In 1974 Scotland Yard detective Jack Slipper, who spent his career tracking Biggs, managed to arrest him in Rio de Janeiro

But once again Biggs managed to evade British justice.

This time he successfully argued against extradition because he had fathered a son by a Brazilian girlfriend, having started proceedings to divorce his English wife.

Evading the law

Biggs avoided arrest again in 1977 when he attended a drinks party on board a British frigate docked in Rio.

And four years later he was kidnapped by a gang of ex-British soldiers who smuggled him to Barbados by boat.

Yet again, however, he pulled off a Houdini-like escape and used extradition laws to get himself returned to Brazil.

In 1997 the British government tried and failed again to get Biggs extradited.

Ronnie Biggs was in his mid-30s when he went on the run

Biggs' notoriety meant he was able to regularly charge newspapers for the "scoop" that he was coming home.

He even attracted the attention of the Sex Pistols, who used him as a vocalist on at least two of their songs.

It was the Sun that finally brought Biggs home in May 2001, when he was very ill.

A statement issued by his son Michael said that his father "at the age of 71 and fearing that the end of his life is close, he has chosen to voluntarily return to this country.

"My father took this decision knowing that he would be arrested and imprisoned."

Biggs and his family denied that he returned to the UK solely to seek free health care.

Through his son he told a newspaper: "My last wish is to walk into a Margate pub as an Englishman and buy a pint of bitter."

On his return Biggs was immediately arrested and taken to high-security Belmarsh Prison to serve the remaining years of his original sentence.

In 2002, he married Raimunda Rothen, the mother of his son Michael.

Biggs' lawyers say he has since suffered two strokes and has facial paralysis, which means he cannot speak or eat.

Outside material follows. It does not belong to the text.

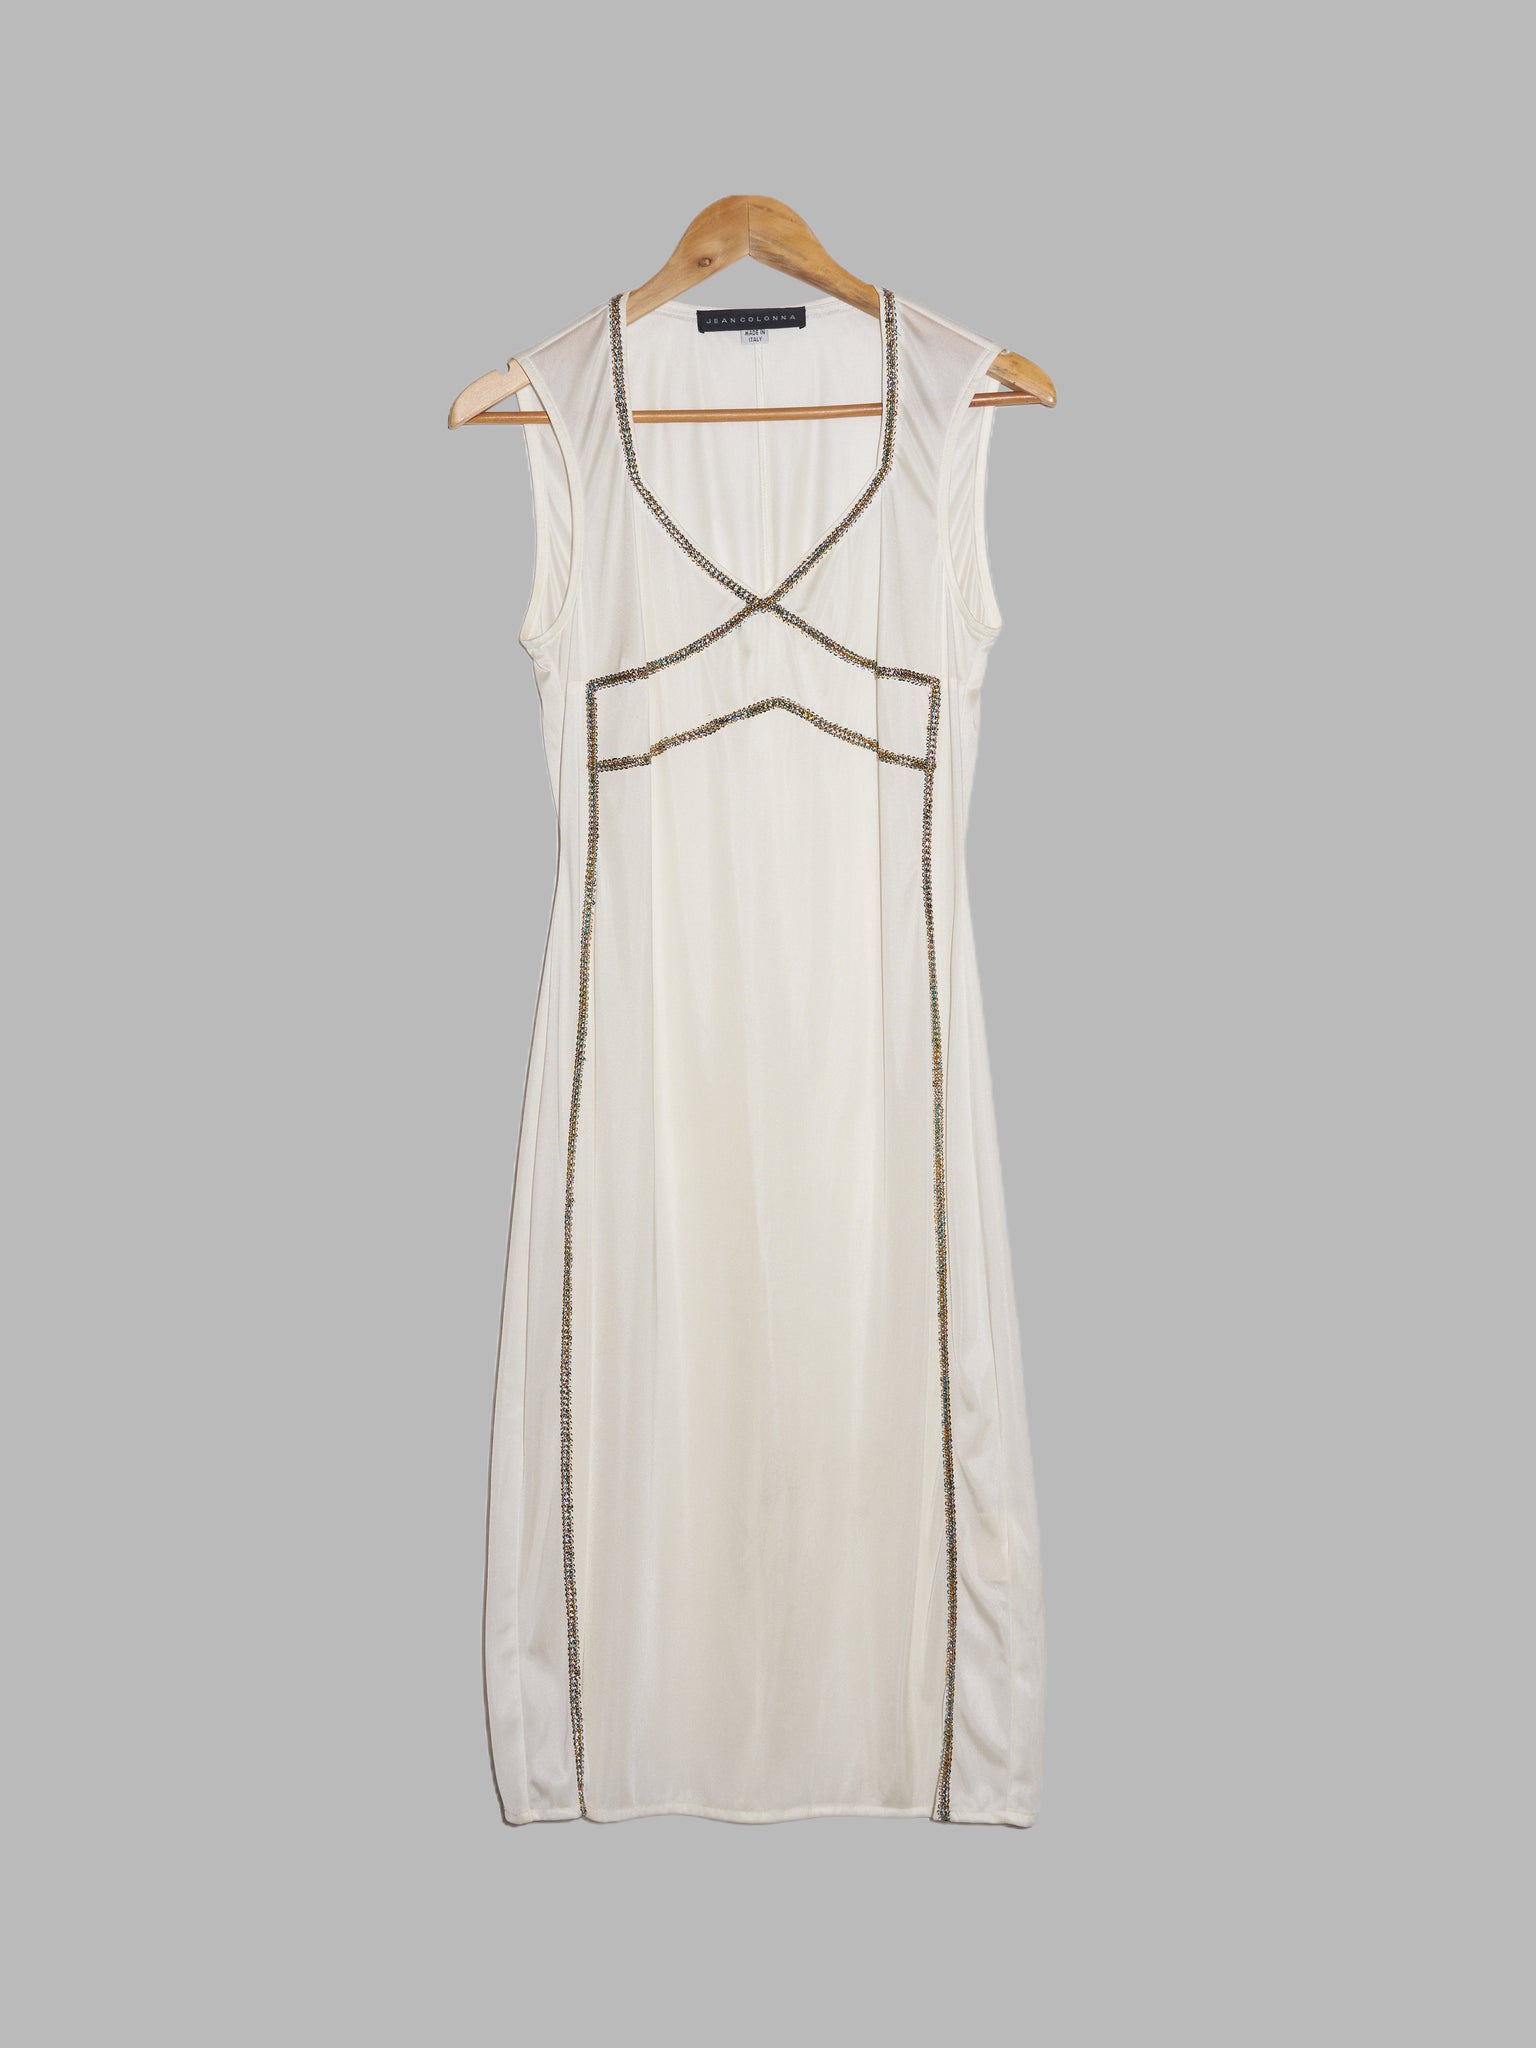 Jean Colonna off-white cream sleeveless dress with bejeweled applique - size 44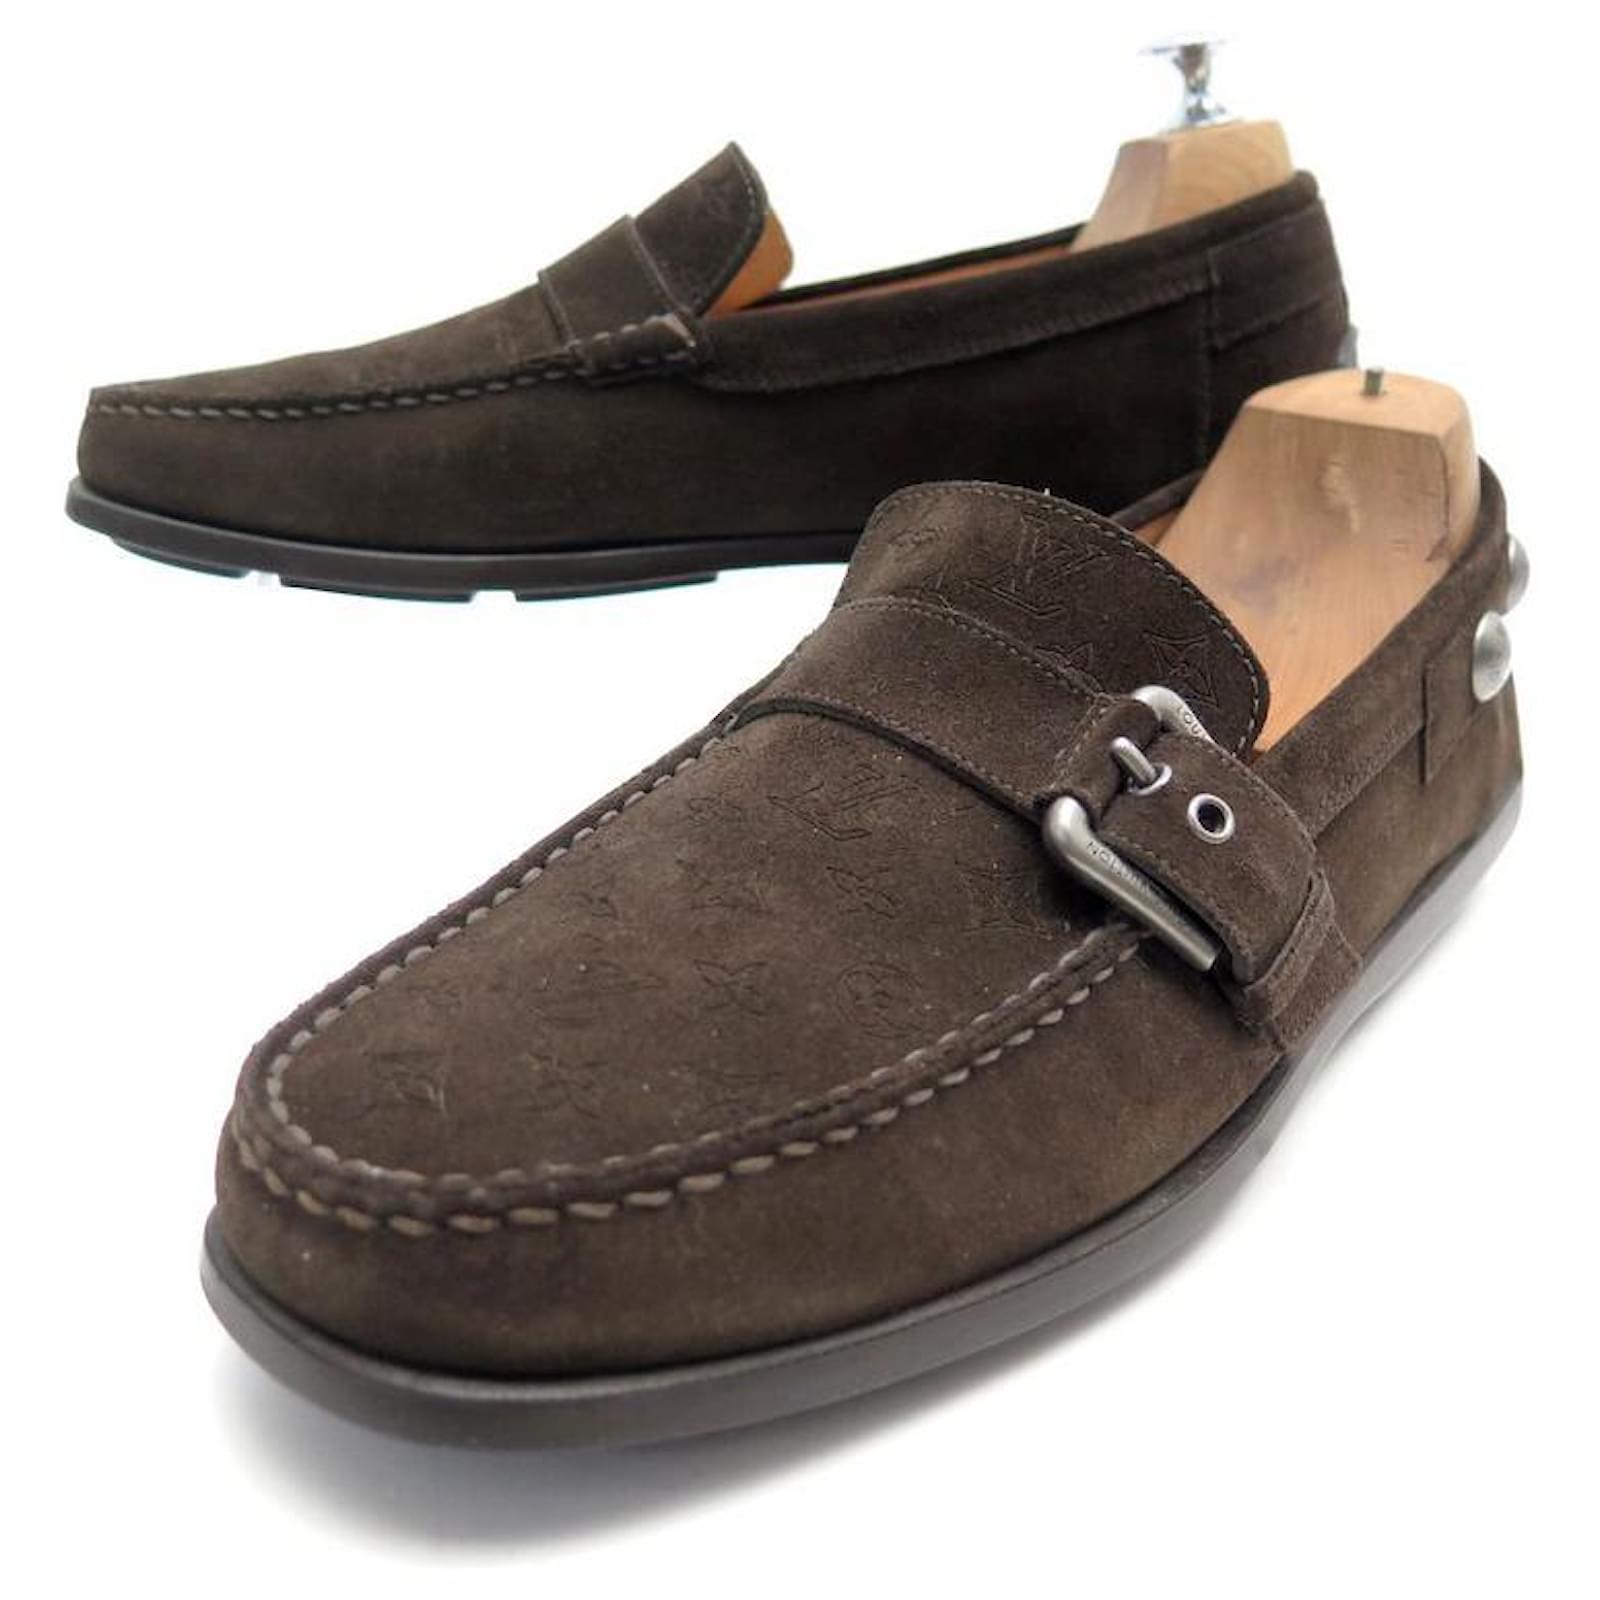 LOUIS VUITTON SHOES LOAFERS WITH BUCKLE 8 42 SUEDE MONOGRAM

In 2005, then home secretary Charles Clarke declined Biggs' appeal for release because his illness was not deemed terminal.

However two years later Biggs was moved from Belmarsh prison to Norwich prison on "compassionate grounds".

In December 2007, Biggs issued a further appeal asking to be released: "I am an old man and often wonder if I truly deserve the extent of my punishment. I have accepted it and only want freedom to die with my family and not in jail."

In February 2009 Biggs fell ill with pneumonia, prompting fresh calls for his release on compassionate grounds.